This is the most common and the most important. ext4 and XFS don’t flip to read-only because they’re bored. They do it because the kernel told them a write failed, or because the filesystem detected internal inconsistency.

Typical kernel lines include:

blk_update_request: I/O error
Buffer I/O error
EXT4-fs error ... Detected aborted journal
XFS (dm-0): log I/O error

The underlying causes range from failing SSDs to flaky HBAs, from SAN path instability to “someone kicked the power cable.” Your goal is to identify which layer misbehaved first.

2) The device (or hypervisor) is effectively write-protecting you

Even if Linux thinks /sys/block/.../ro is 0, your writes can still fail because the platform is denying them.
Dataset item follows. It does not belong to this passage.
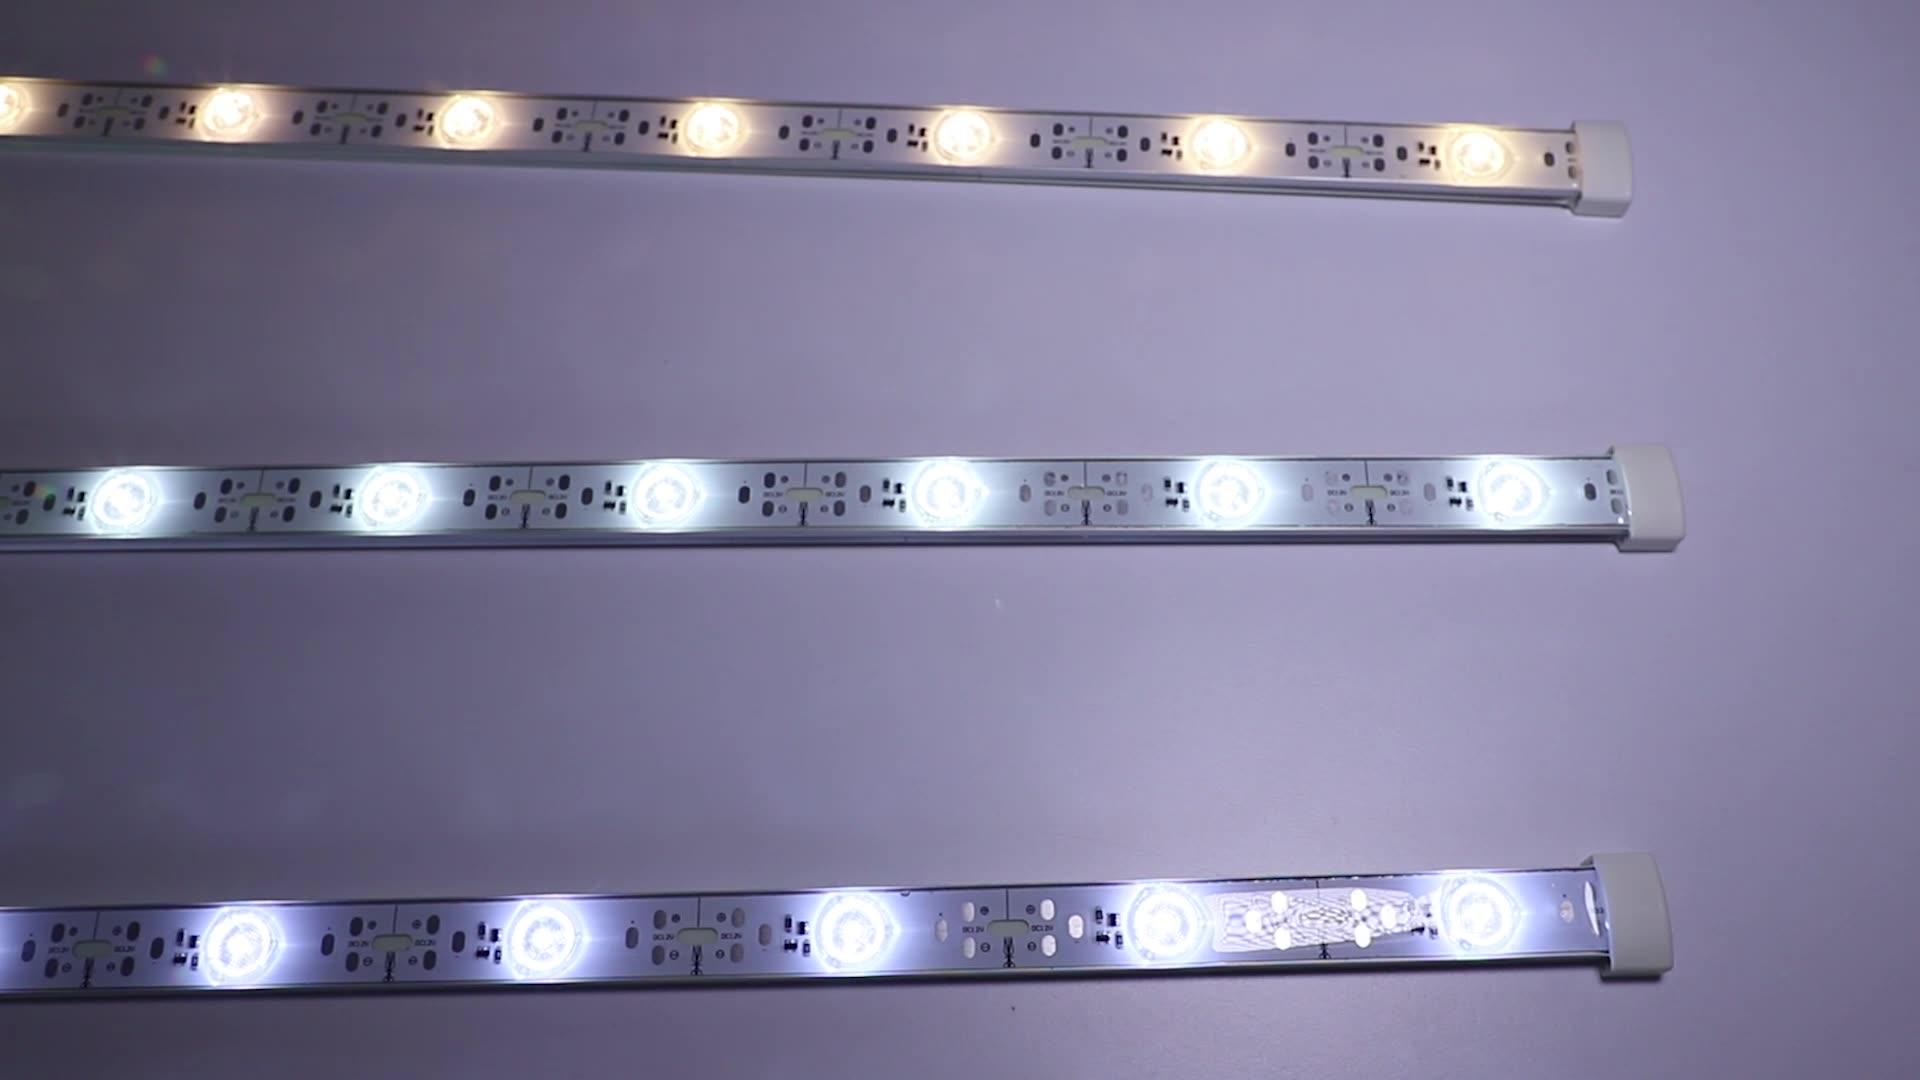 UL Back Lit Fabric Light Box Solution 3030 SMD LED Strip Backlight Waterproof LED Bar Backlight

In VMs, “read-only” can be the polite version of “datastore is out of space” or “snapshot chain is broken.” On SAN, it can be an array-side protection mode after detecting an issue.

Clue: you see SCSI sense codes, persistent timeouts, or weirdly consistent failures across filesystems at once.

3) The filesystem mounted read-only at boot because recovery couldn’t be completed

If journal replay fails, or if the filesystem is marked as needing a check and the boot sequence can’t do it safely, you can come up with ro mounts or land in emergency mode.

In that scenario, the system is basically saying: “I could mount this, but I do not trust it enough to write to it unattended.” It’s a reasonable boundary.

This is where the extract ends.